Bringing it all together

When someone brought me an investment opportunity, we’d work through it in this order:

  1. ROI first — does the basic return justify the risk and the capital? If it doesn’t beat what a boring index fund would deliver, it needs to offer something else (diversification, tax advantages, personal satisfaction) to be worth pursuing.
  2. Growth projection — what does the full picture look like with ongoing contributions and realistic return assumptions over your actual time horizon? A good opportunity on paper can be mediocre if your timeline is too short.
  3. Compound interest check — how much of the projected outcome comes from compounding versus your own contributions? If the answer is “mostly my contributions,” you might not be giving it enough time.
  4. Reality adjustment — what happens after fees, inflation, taxes, and a more conservative return assumption? If the opportunity only looks good before that adjustment, it probably is not as good as it feels.

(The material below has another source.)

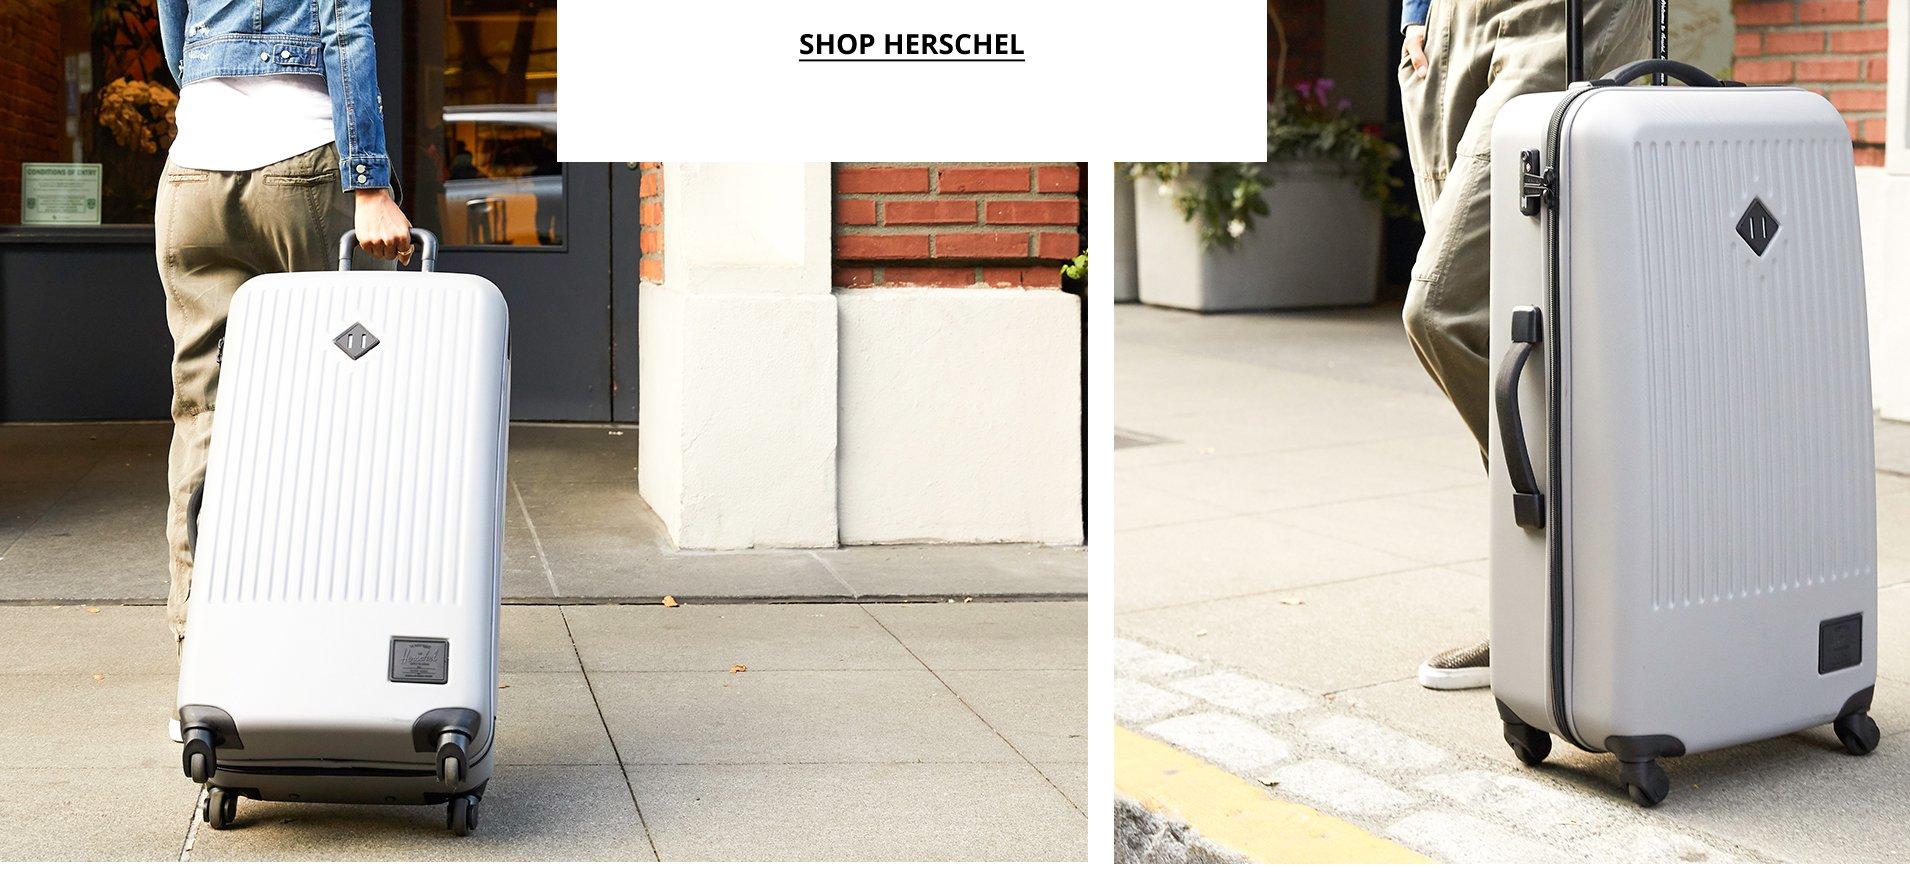 Shop Herschel

This framework won’t make you immune to bad investments. Nothing will. But it filters out the ones where the numbers never supported the enthusiasm in the first place. The lavender farm I mentioned? My client ran the ROI calculation and found he needed to sell 4,000 pounds of lavender annually at premium prices to break even in year five. He passed. The friend who didn’t run those numbers lost $35,000.

The discipline is in the process

I spent thirty years watching people make financial decisions. The ones who did well had a process. They ran the numbers, compared alternatives, and made decisions based on arithmetic rather than excitement. They didn’t need to be brilliant. They needed to be methodical.

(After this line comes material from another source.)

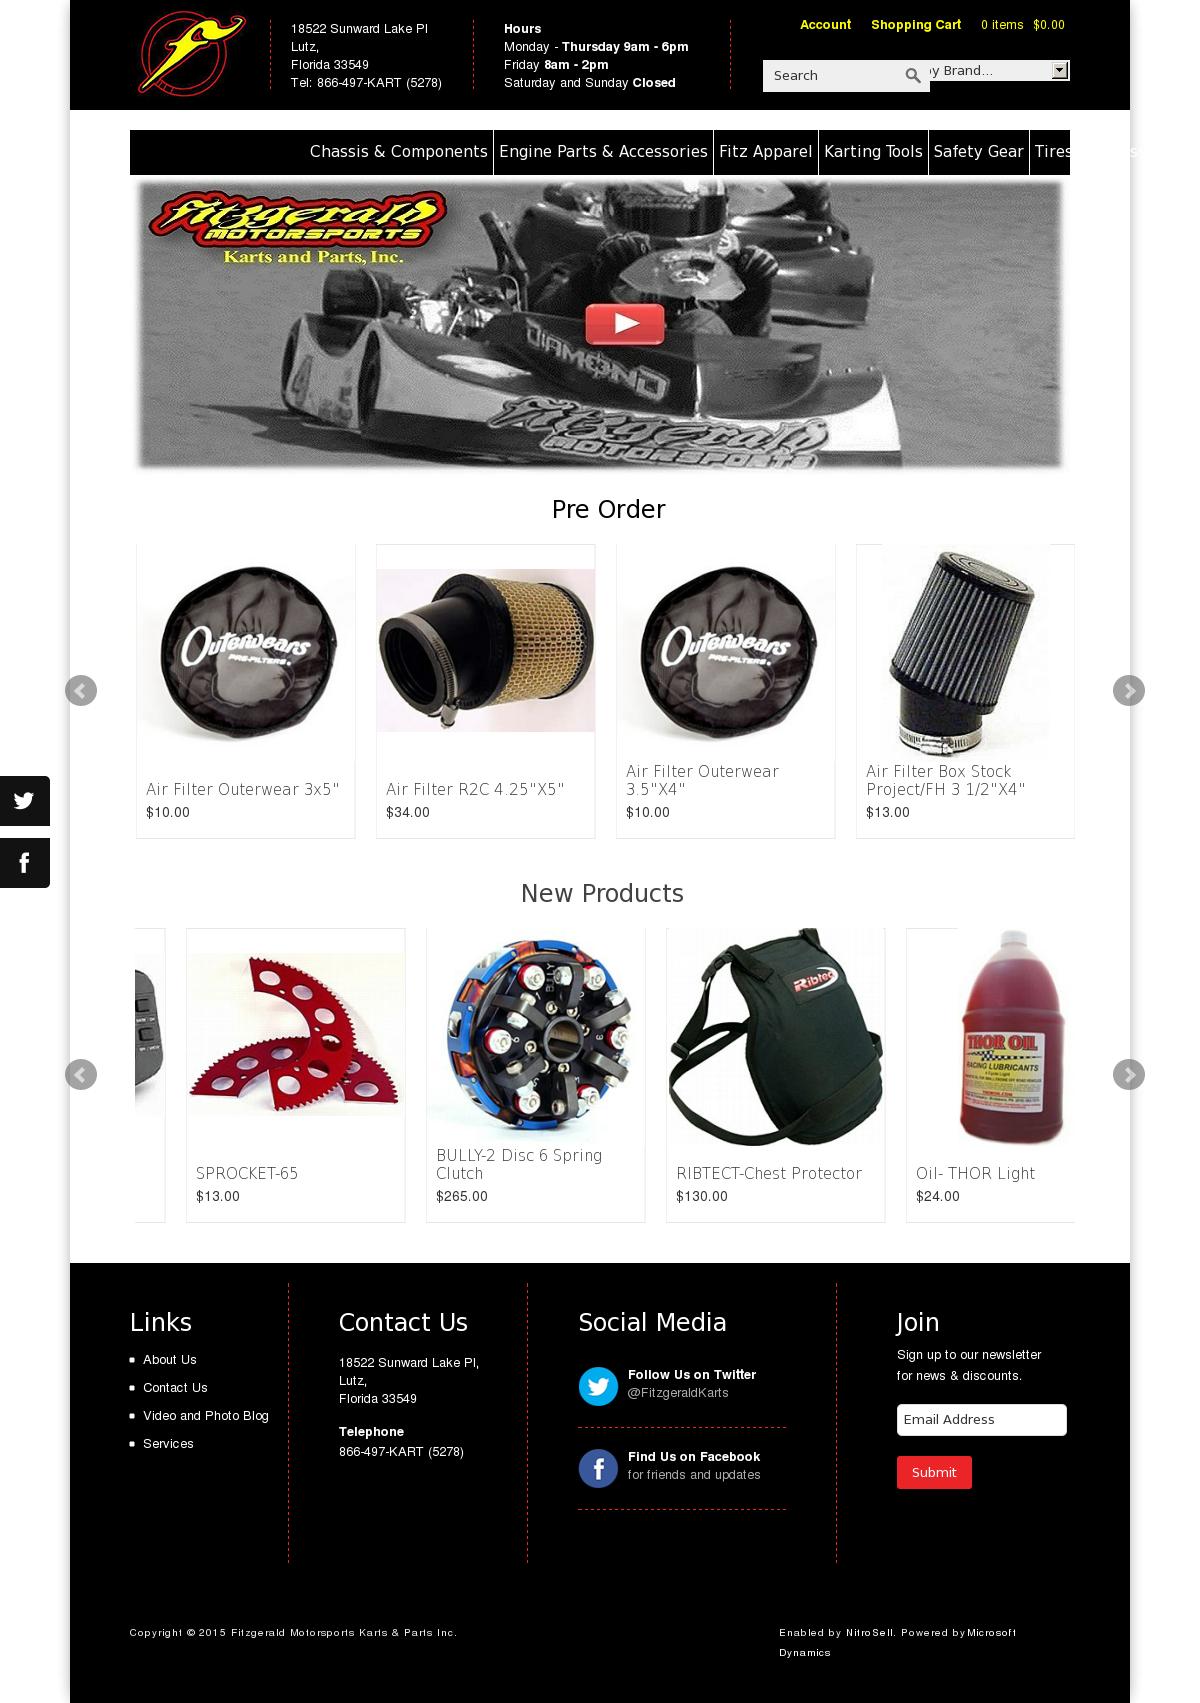 Fitzgerald Motorsports Karts & Parts petitors Revenue and

Run your numbers through the three calculators above. Write down what you find. Compare any new opportunity against what your money would do in a simple, low-cost index fund earning 6% to 7% per year over a long horizon. Then run the same comparison again after fees, taxes, and inflation. If the opportunity doesn’t clearly beat that benchmark after accounting for risk, fees, and your time — it probably isn’t worth it.

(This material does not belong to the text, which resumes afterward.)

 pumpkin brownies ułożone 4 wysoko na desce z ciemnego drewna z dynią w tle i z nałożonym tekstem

This article is a US-focused educational guide, not personalised financial advice. Tax treatment, account rules, and the right benchmark for a decision depend on your broader financial picture, so large investment choices should be checked against a qualified financial adviser or tax professional who understands your specific situation. Past performance does not guarantee future results, and a projection calculator is a planning tool, not a promise.